Error Log | Laravel - Errors and Logging
What is Errors and Logging in Laravel?
- When you start a new Laravel project, error and exception handling is already configured for you.
- The App\Exceptions\Handler class is where all exceptions triggered by your application are logged and then rendered back to the user.
- For logging, Laravel utilizes the Monolog library, which provides support for a variety of powerful log handlers.
- Laravel configures several of these handlers for you, allowing you to choose between a single log file, rotating log files, or writing error information to the system log.
Errors:
- Errors and exception handling is already configured for you when you start a new Laravel project.
- Normally, in a local environment we need to see errors for debugging purposes.
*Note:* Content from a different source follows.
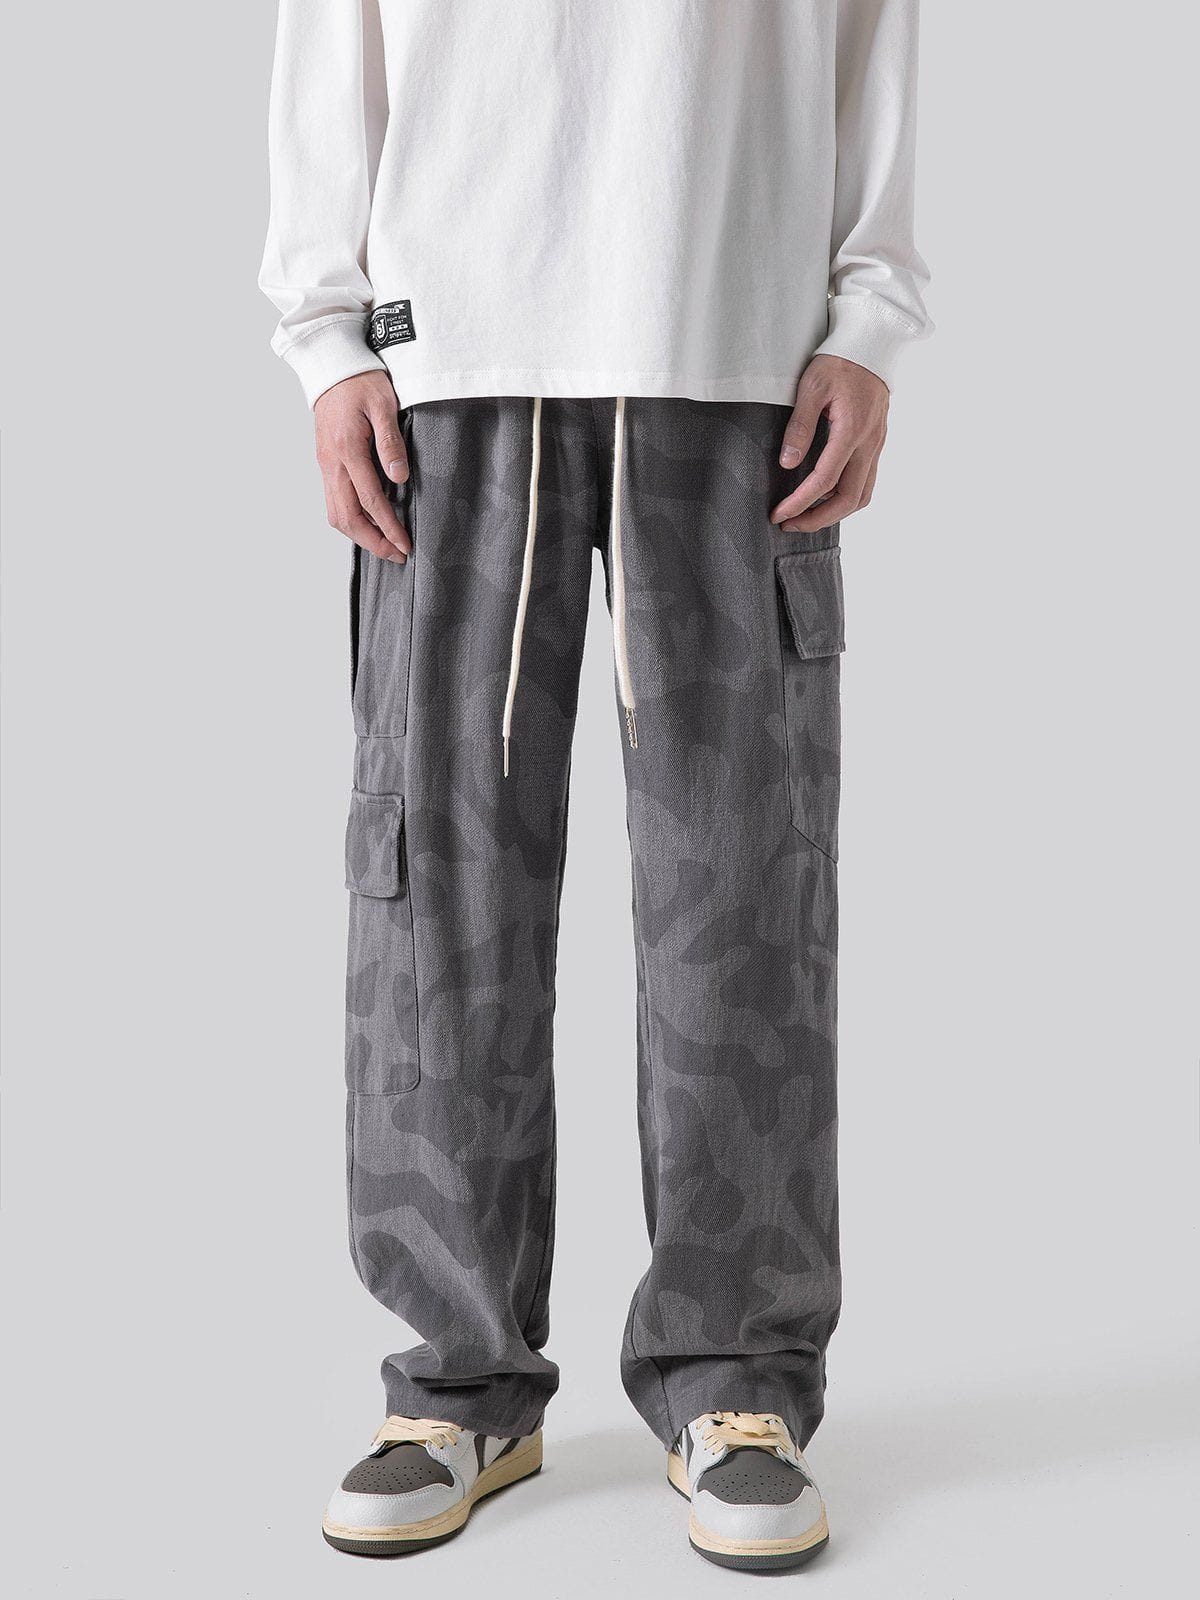 Sneakerland® - Large Multi-Pocket Cargo Pants

We need to hide these errors from users in production environment.
- This can be achieved with the variable APP_DEBUG set in the environment file .env stored at the root of the application.
- For local environment, the value of APP_DEBUG should be true but for production it needs to be set to false to hide errors.
Note
- After changing the APP_DEBUG variable, restart the Laravel server.
Error Detail
- The amount of error detail your application displays through the browser is controlled by the app.debug configuration option in your config/app.php configuration file.
- By default, this configuration option is set to respect the APP_DEBUG environment variable, which is stored in your .env file.
- For local development, you should set the APP_DEBUG environment variable to true.
- In your production environment, this value should always be false.
Logging:
- Laravel provides a simple abstraction layer on top of the powerful Monolog library.
- By default, Laravel is configured to create a log file for your application
- in the storage/logs directory. You may write information to the logs using the Log facade:
- It is useful to improve the reliability of the system. Laravel supports different logging modes like single, daily, syslog, and errorlog modes.
- You can set these modes in config/app.php file.
- You can see the generated log entries in storage/logs/laravel.log file.
- The logger provides the eight logging levels defined in RFC 5424: emergency, alert, critical, error, warning, notice, info and debug.